Solve two systems of equations \(ATx = v\) for unknown vector \(x\).

Multiple right-hand sides are supported (by simply passing a 2D tensor for v)

Parameters:

v – The right-hand side of the triangular system of equations

Returns:

x – The solution, computed with the trsm function.

See also

falkon.preconditioner.pc_utils.trsm()

the function used to solve the system of equations

apply_t(v)

Solve two systems of equations \(A^\top T^\top x = v\) for unknown vector \(x\).

Multiple right-hand sides are supported (by simply passing a 2D tensor for v)

Parameters:

v – The right-hand side of the triangular system of equations

Returns:

x – The solution, computed with the trsm function.

See also

falkon.preconditioner.pc_utils.trsm()

the function used to solve the system of equations

init(X: Tensor | SparseTensor, Y: Tensor, alpha: Tensor, penalty: float, N: int) None

Initialize the preconditioner matrix.

This method must be called before the preconditioner becomes usable.

Parameters:
  • X (torch.Tensor) – (M x D) matrix of Nystroem centers

  • Y (torch.Tensor) – (M x 1) vector of targets corresponding to the Nystroem centers X

  • alpha (torch.Tensor) – (M x 1) parameter vector (of the same dimension as Y) which gives the current solution to the optimization problem.

  • penalty (float) – Regularization amount

  • N (int) – Number of points in the full data-set.

Notes

If debug=True is present in the options, this method will print a lot of extra information pertaining timings of the various preconditioner operations. This can be useful to help understand how the preconditioner works.

invA(v)

Solve the system of equations \(Ax = v\) for unknown vector \(x\).

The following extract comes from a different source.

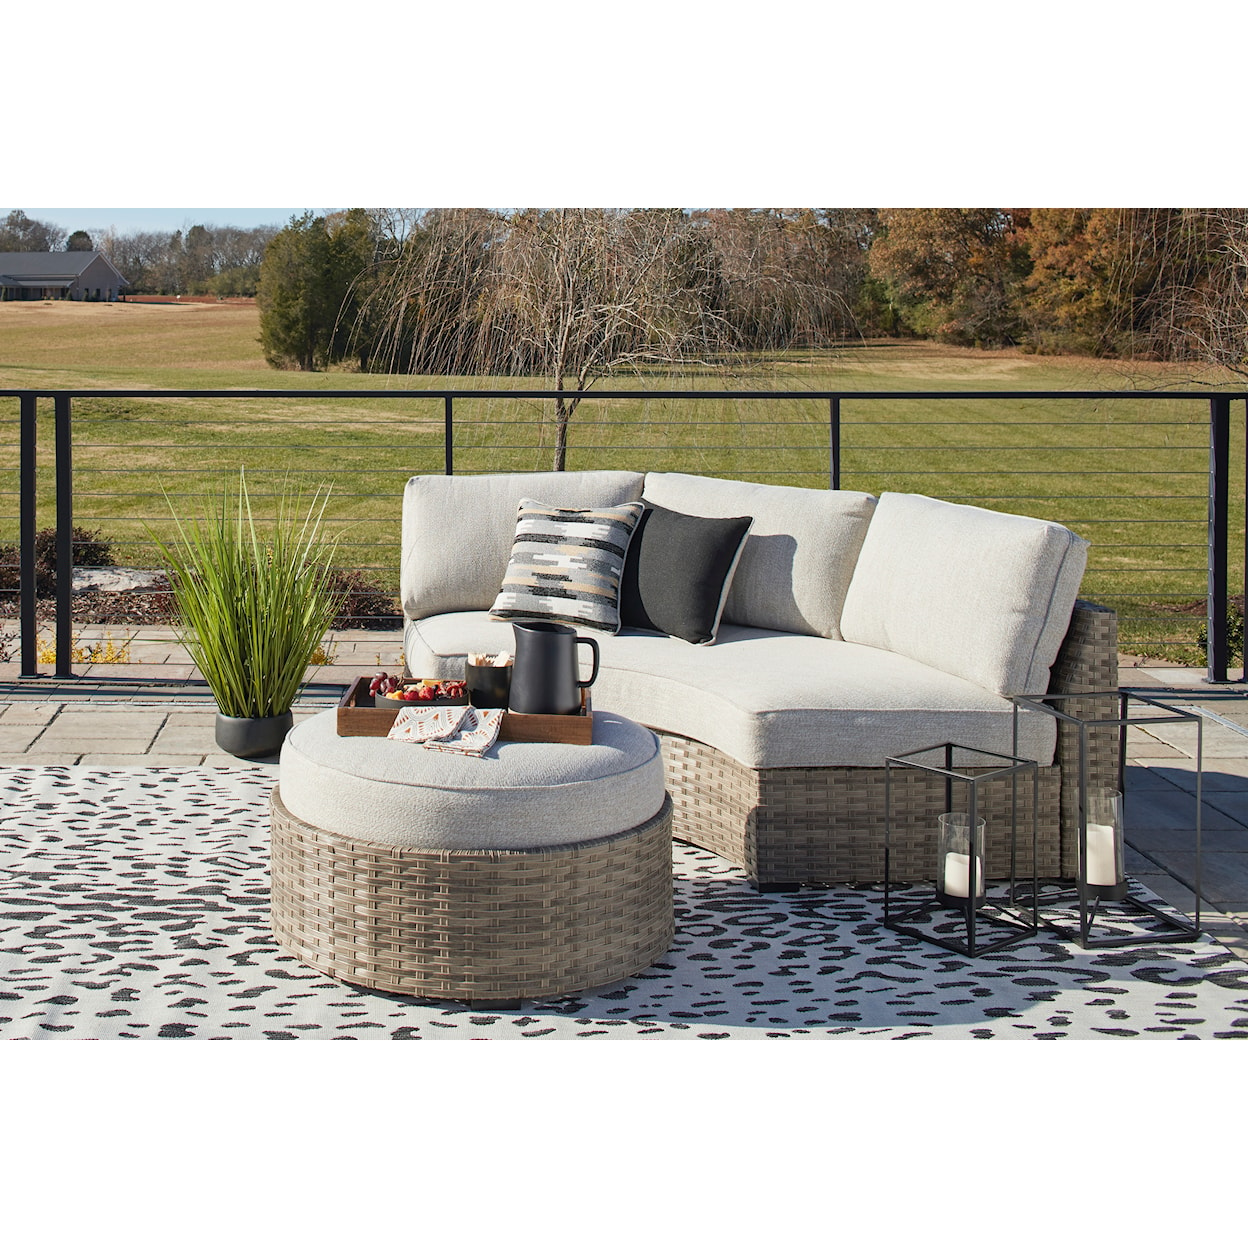 Signature Design Calworth Outdoor Curved Loveseat with Cushion

Multiple right-hand sides are supported (by simply passing a 2D tensor for v)

Parameters:

v – The right-hand side of the triangular system of equations

Returns:

x – The solution, computed with the trsm function.

See also

falkon.preconditioner.pc_utils.trsm()

the function used to solve the system of equations

invAt(v)

Solve the system of equations \(A^\top x = v\) for unknown vector \(x\).

Multiple right-hand sides are supported (by simply passing a 2D tensor for v)

Parameters:

v – The right-hand side of the triangular system of equations

Returns:

x – The solution, computed with the trsm function.

See also

falkon.preconditioner.pc_utils.trsm()

the function used to solve the system of equations

invT(v)

Solve the system of equations \(Tx = v\) for unknown vector \(x\).

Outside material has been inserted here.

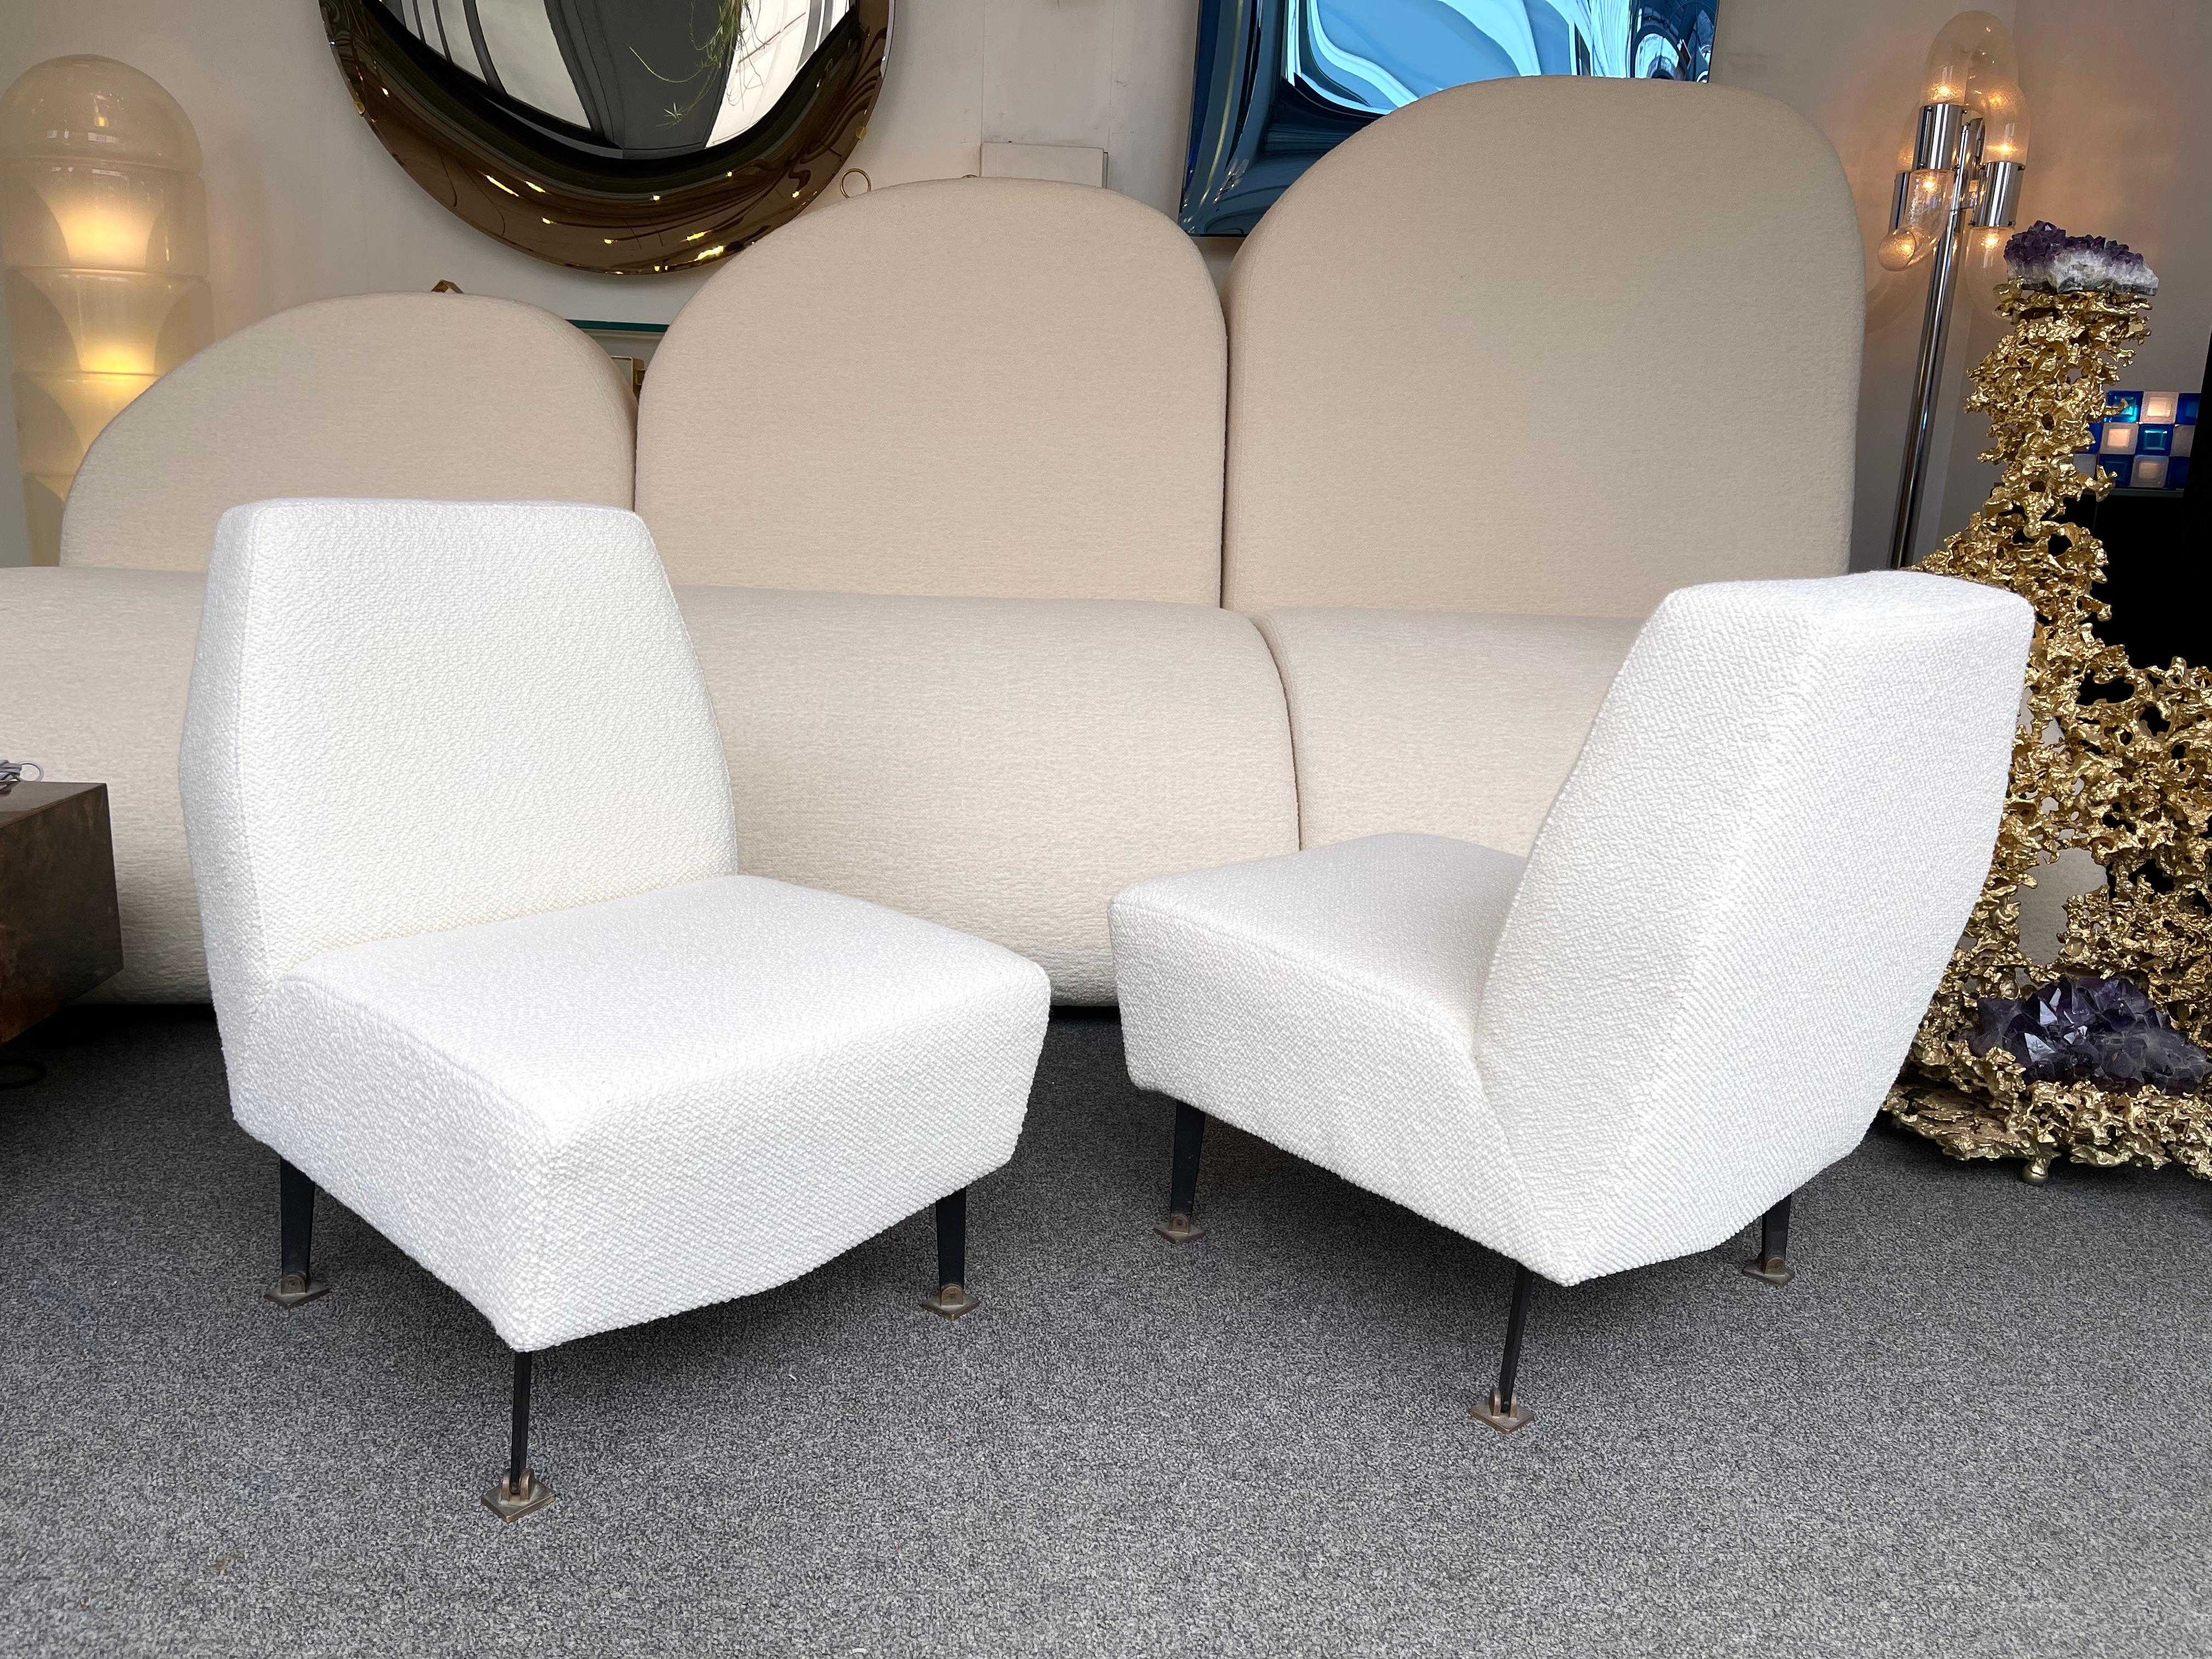 Pair of Slipper Chairs Bouclé Fabric by Studio APA for Lenzi, Italy, 1960s For Sale 4

Multiple right-hand sides are supported (by simply passing a 2D tensor for v)

Parameters:

v – The right-hand side of the triangular system of equations

Returns:

x – The solution, computed with the trsm function.

See also

falkon.preconditioner.pc_utils.trsm()

the function used to solve the system of equations

invTt(v)

Solve the system of equations \(T^\top x = v\) for unknown vector \(x\).

Multiple right-hand sides are supported (by simply passing a 2D tensor for v)

Parameters:

v – The right-hand side of the triangular system of equations

Returns:

x – The solution, computed with the trsm function.

See also

falkon.preconditioner.pc_utils.trsm()

the function used to solve the system of equations